All of the features disclosed in this specification, or all of the steps in any method or process so disclosed, may be combined in any combination, except combinations of features and/or steps that are mutually exclusive.

Any feature disclosed in this specification may be replaced by alternative features serving equivalent or similar purposes, unless expressly stated otherwise.
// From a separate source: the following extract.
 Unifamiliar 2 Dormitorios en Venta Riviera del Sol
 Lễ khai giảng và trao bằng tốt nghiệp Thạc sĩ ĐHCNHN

That is, unless expressly stated otherwise, each feature is only an example of a generic series of equivalent or similar features.

Claims

1. A parallel read-in method of billion-hundred GB magnitude grid data file is characterized in that grouping files are adopted to store ultra-large scale grid data generated by a plurality of objects, each grouping comprises a plurality of files, and each file comprises a plurality of data partitions; and during reading, reading the file by adopting a plurality of file processes, sending the file to the corresponding non-file processes, and carrying out data load balancing and allocation.

2. The parallel read-in method of the billion hundred GB magnitude grid data file according to claim 1, characterized in that the specific read-in method comprises:

if the number of the processes is smaller than the number of the files, when the number of the files is integral multiple of the number of the processes, the number of the file processes is the total number of the processes, all the processes read the files, and the number of the files read by each process is the same; and when the number of the files is not integral multiple of the number of the processes, the number of the file processes is not more than the total number of the processes on the premise that the number of the files read by each file process is the same.
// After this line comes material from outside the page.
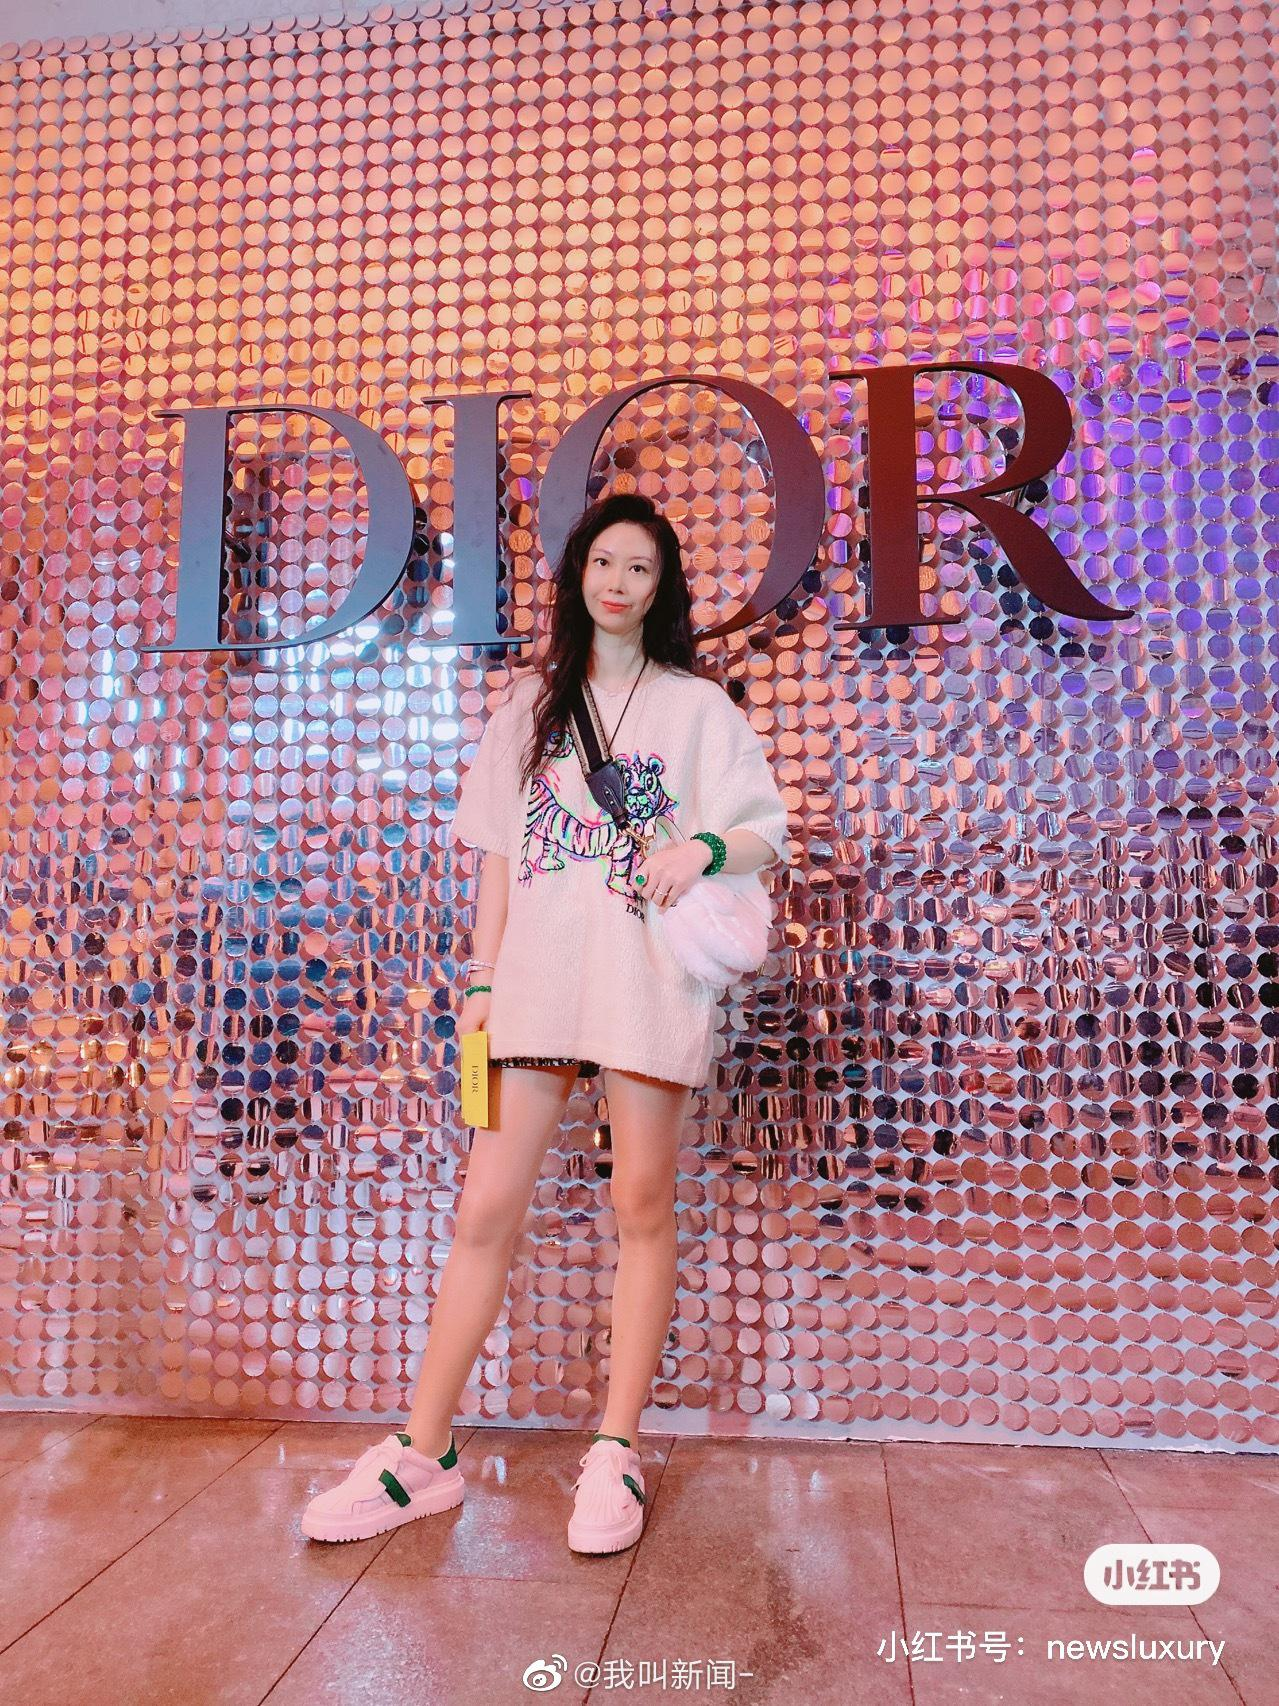 今天的快乐是Dior给的哈哈哈哈……

3. The method for parallelly reading in the billion hundred GB magnitude grid data file according to claim 2, wherein the grid data generated by a plurality of objects are stored in groups, each object is used as a group, each group comprises a plurality of files, and each grid data file contains a plurality of grid partition data.

4. The method for reading in the billion hundred GB magnitude grid data file in parallel according to claim 3, wherein the data volume in each grid partition data is approximately the same.

5. The method for parallel reading-in of billion hundred GB magnitude grid data files according to claim 3 or 4, characterized in that if the number of partitions on each process is the same, partition data allocation is not needed, and if the number of partitions on each process is different, load balancing allocation is performed on the partition data in each process.

6. The parallel read-in method of billions of GB magnitude grid data files according to claim 5, characterized in that the specific balanced allocation method is as follows: communication through MPI enables each process to process the same amount of grid partition data.